INSTRUCTIONS FOR THE TASK: Drop the pictures; give again exactly the lines from the one holding "Panasonic Lumix DMC-FZ100" through the end of the data.

DATASET EXTRACT:
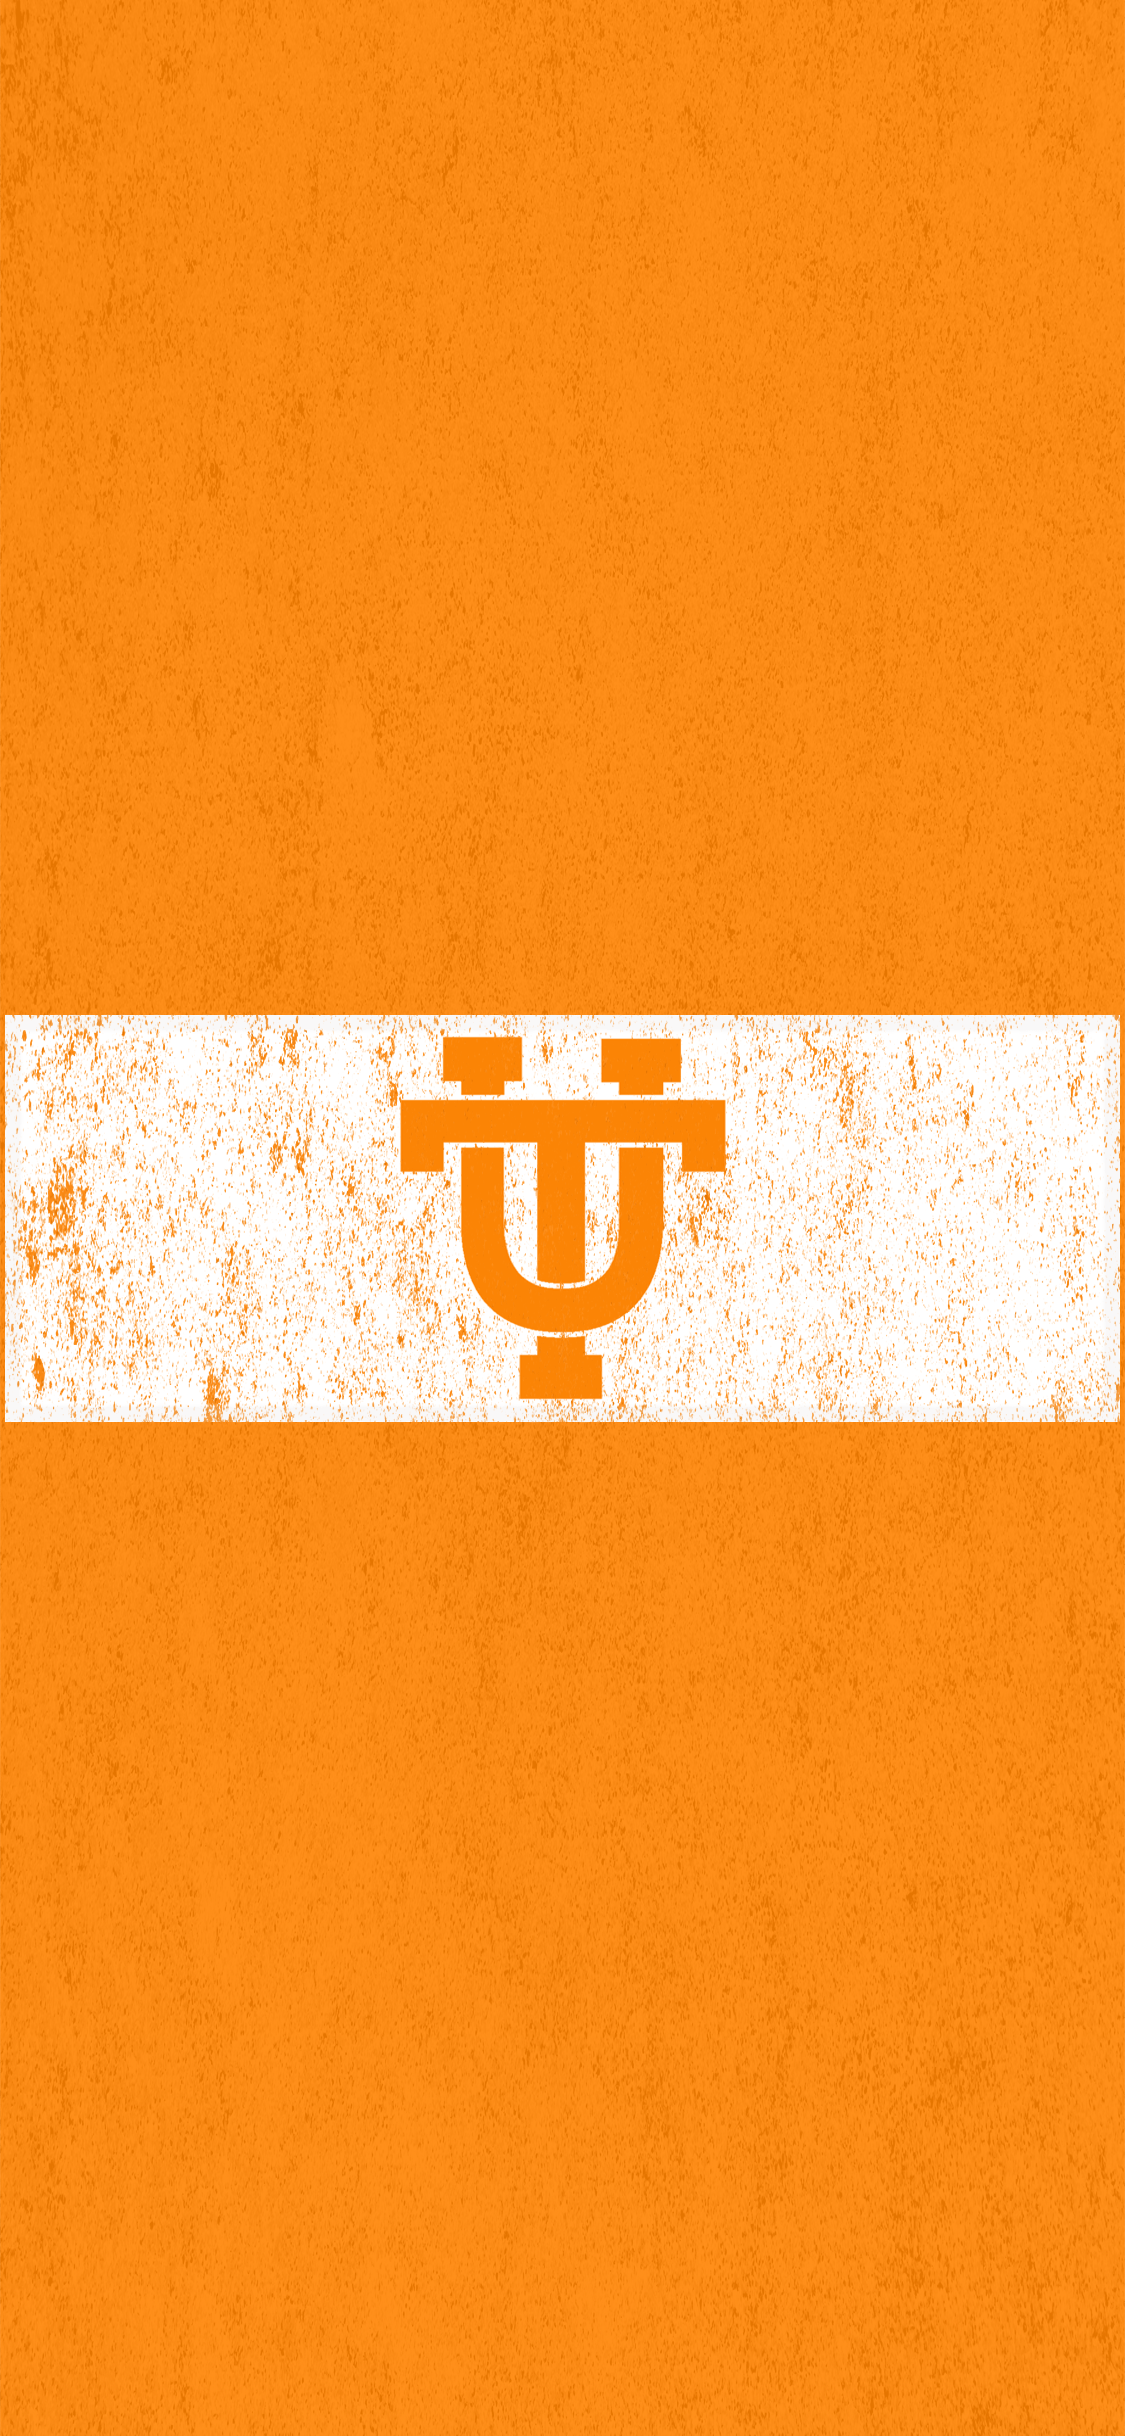 Hình nền Đại học Tennessee: Cảm nhận sự thanh lịch và đặc trưng của Đại học Tennessee qua những hình nền độc đáo. Với màu sắc tươi sáng và nền tảng thiết kế chuyên nghiệp, hình nền sẽ mang đến cho bạn một trải nghiệm mới lạ về đẳng cấp và văn minh.
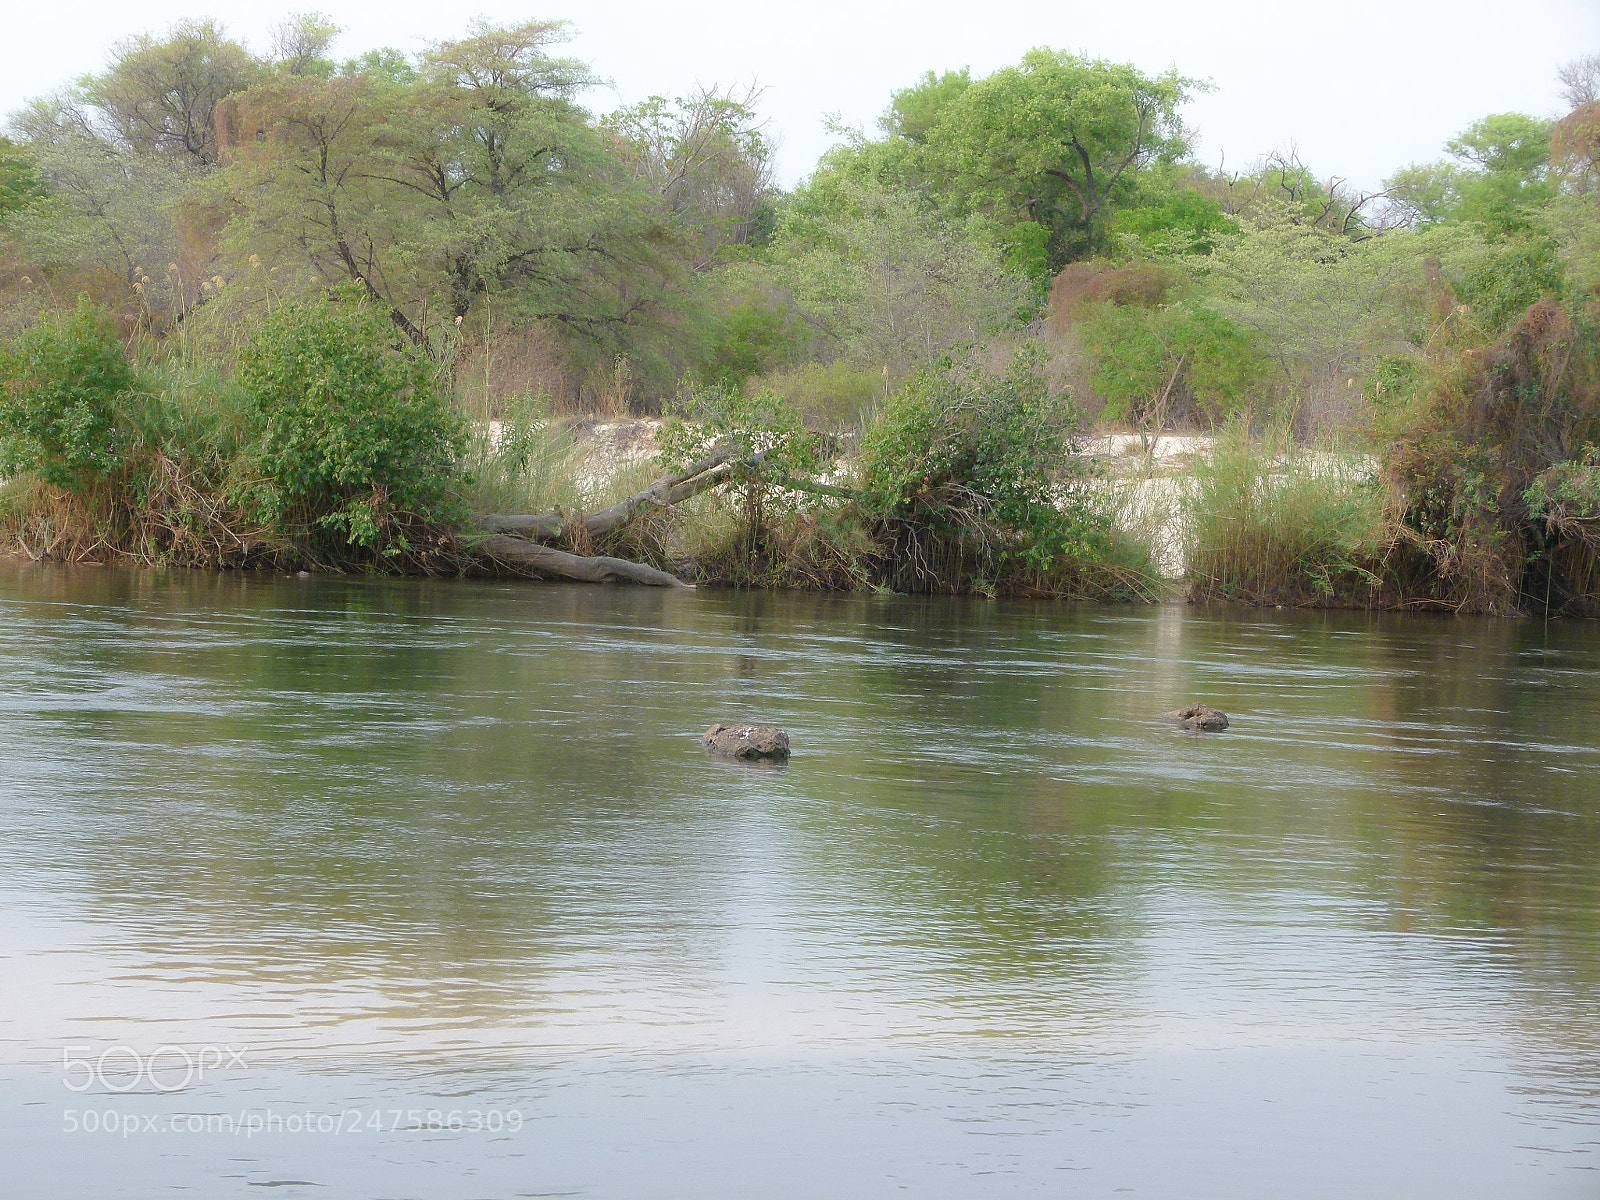 Panasonic Lumix DMC-FZ100 sample photo. Okavango river botswana photography
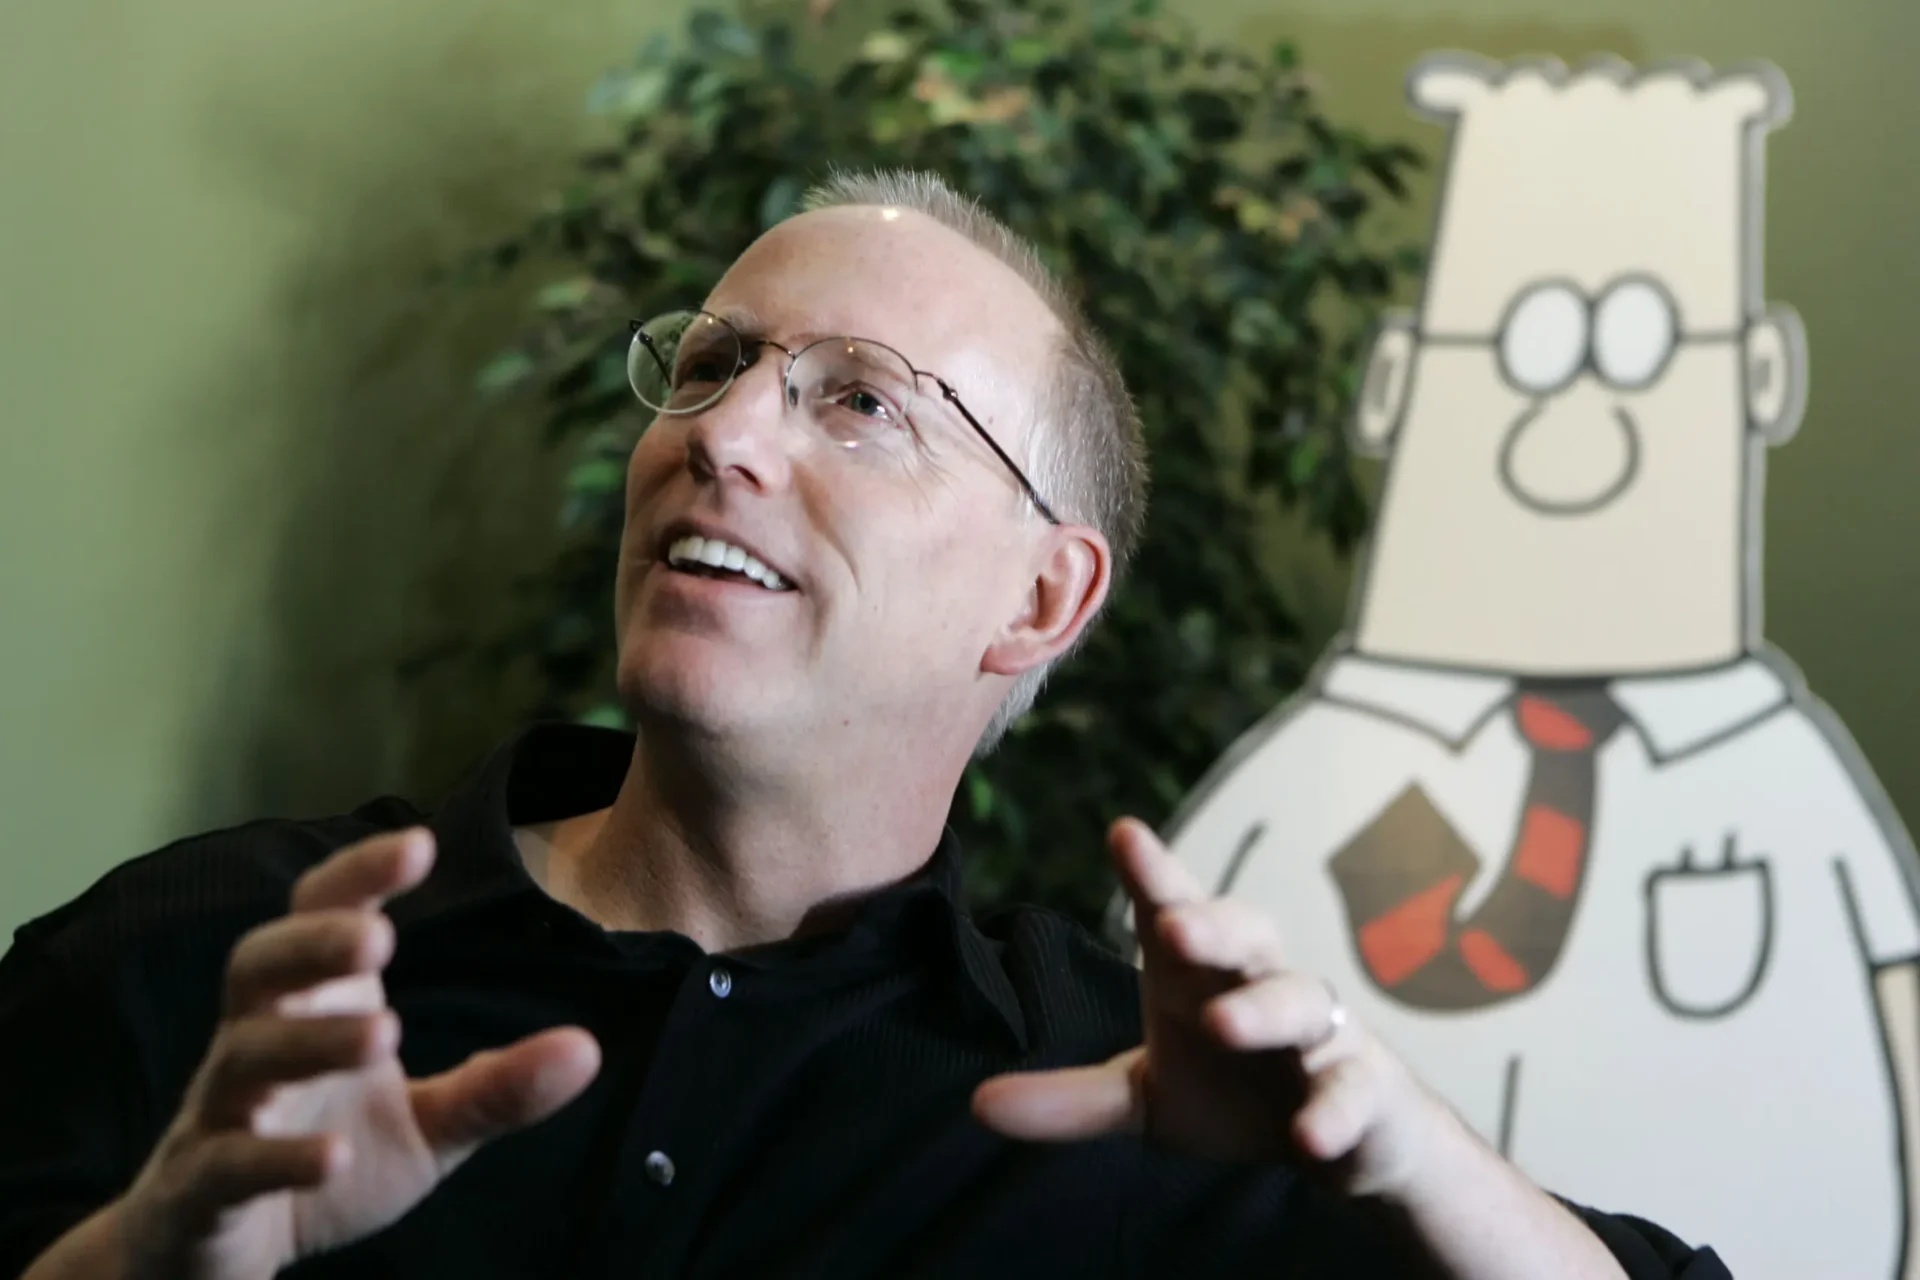 El distribuidor de Dilbert corta los lazos con el creador por comentarios sobre la carrera

TASK SOLUTION:
 Panasonic Lumix DMC-FZ100 sample photo. Okavango river botswana photography
 El distribuidor de Dilbert corta los lazos con el creador por comentarios sobre la carrera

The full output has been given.